Filesystems¶
A filesystem block is an object that allows you to read and write data from paths. Prefect provides multiple built-in file system types that cover a wide range of use cases.
Additional file system types are available in Prefect Collections.
Local filesystem¶
The LocalFileSystem
block enables interaction with the files in your current development environment.
LocalFileSystem
properties include:
Property | Description |
---|---|
basepath | String path to the location of files on the local filesystem. Access to files outside of the base path will not be allowed. |
from prefect.filesystems import LocalFileSystem
fs = LocalFileSystem(basepath="/foo/bar")
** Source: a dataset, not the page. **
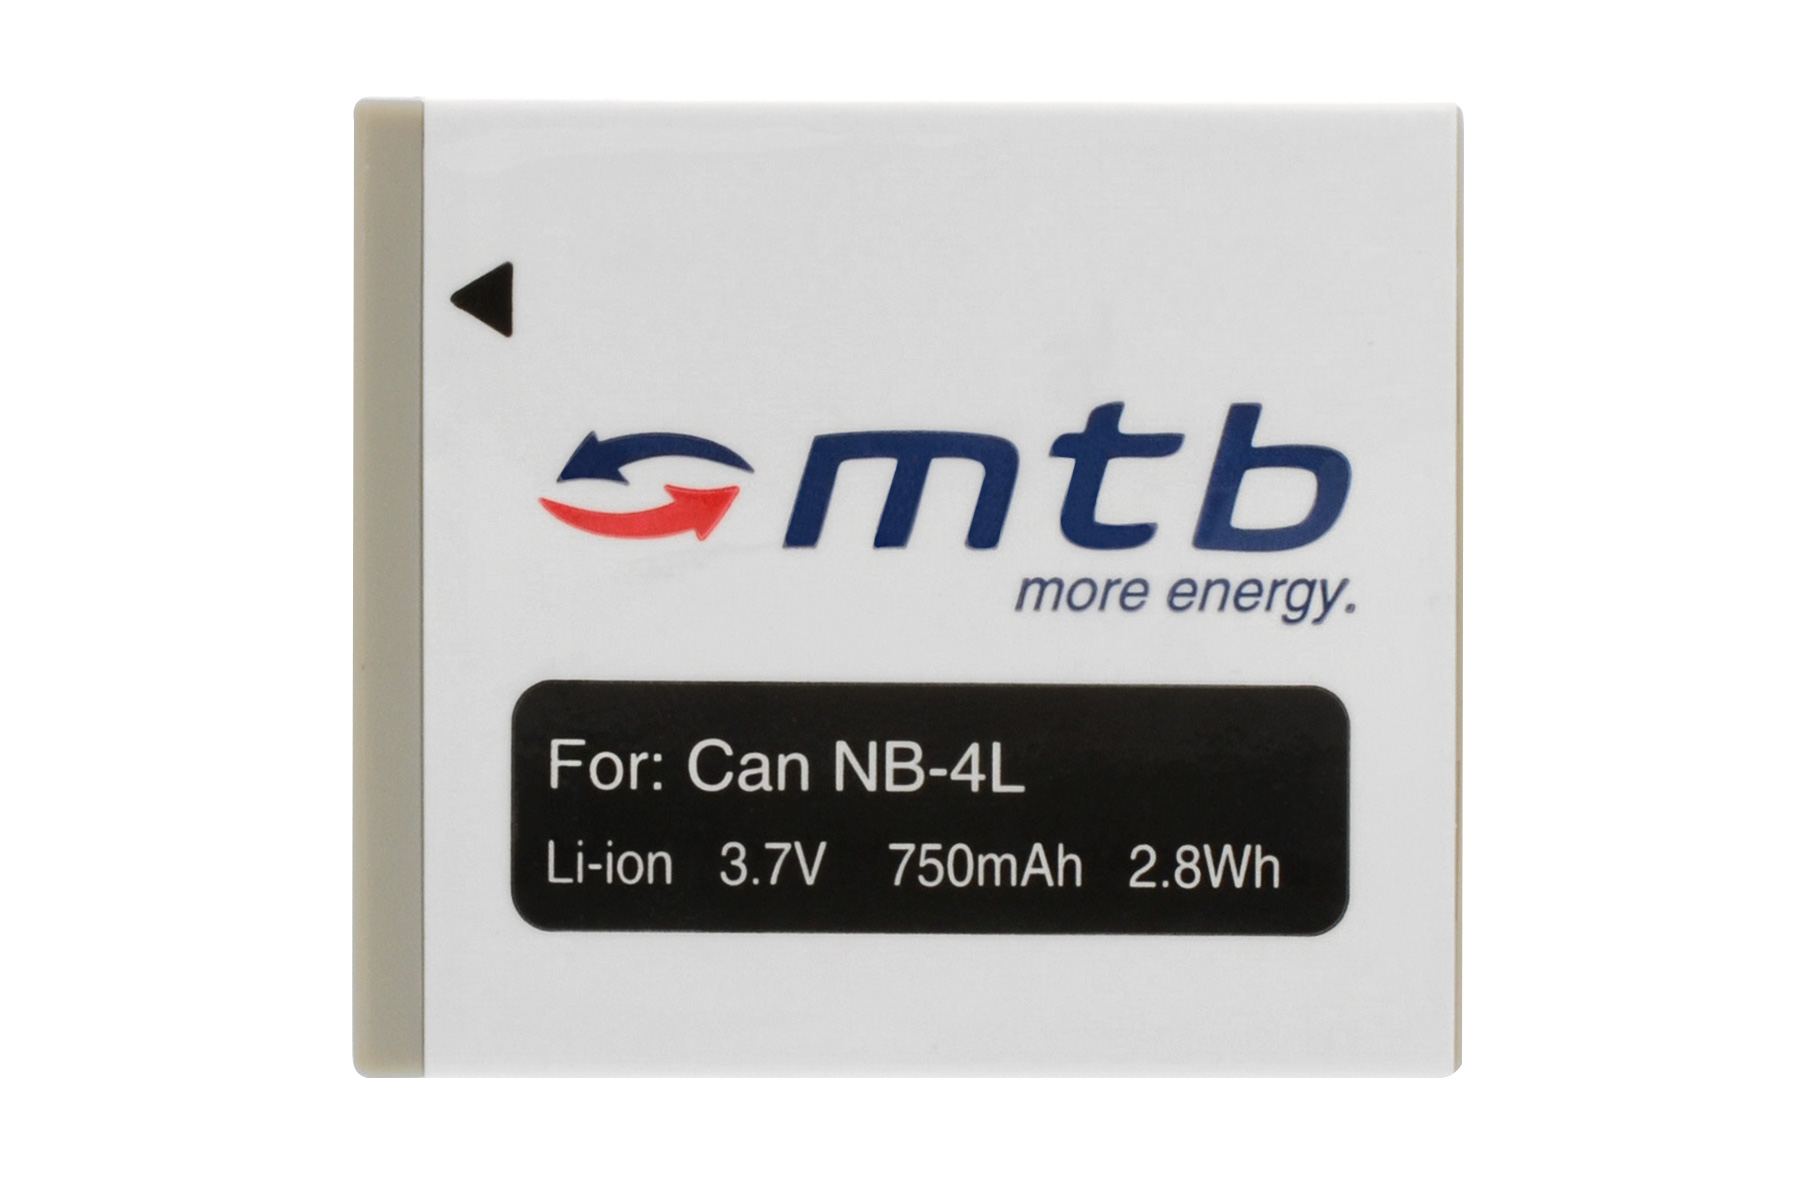 MTB MORE ENERGY BAT-001 NB-4L Li-Ion, 750 mAh Akku

Limited access to local file system
Be aware that LocalFileSystem
access is limited to the exact path provided. This file system may not be ideal for some use cases. The execution environment for your workflows may not have the same file system as the environment you are writing and deploying your code on.
Use of this file system can limit the availability of results after a flow run has completed or prevent the code for a flow from being retrieved successfully at the start of a run.
Remote file system¶
The RemoteFileSystem
block enables interaction with arbitrary remote file systems. Under the hood, RemoteFileSystem
uses fsspec
and supports any file system that fsspec
supports.
RemoteFileSystem
properties include:
Property | Description |
---|---|
basepath | String path to the location of files on the remote filesystem. Access to files outside of the base path will not be allowed. |
settings | Dictionary containing extra parameters required to access the remote file system. |
The file system is specified using a protocol:
s3://my-bucket/my-folder/
will use S3gcs://my-bucket/my-folder/
will use GCSaz://my-bucket/my-folder/
will use Azure
For example, to use it with Amazon S3:
from prefect.filesystems import RemoteFileSystem
block = RemoteFileSystem(basepath="s3://my-bucket/folder/")
block.save("dev")
You may need to install additional libraries to use some remote storage types.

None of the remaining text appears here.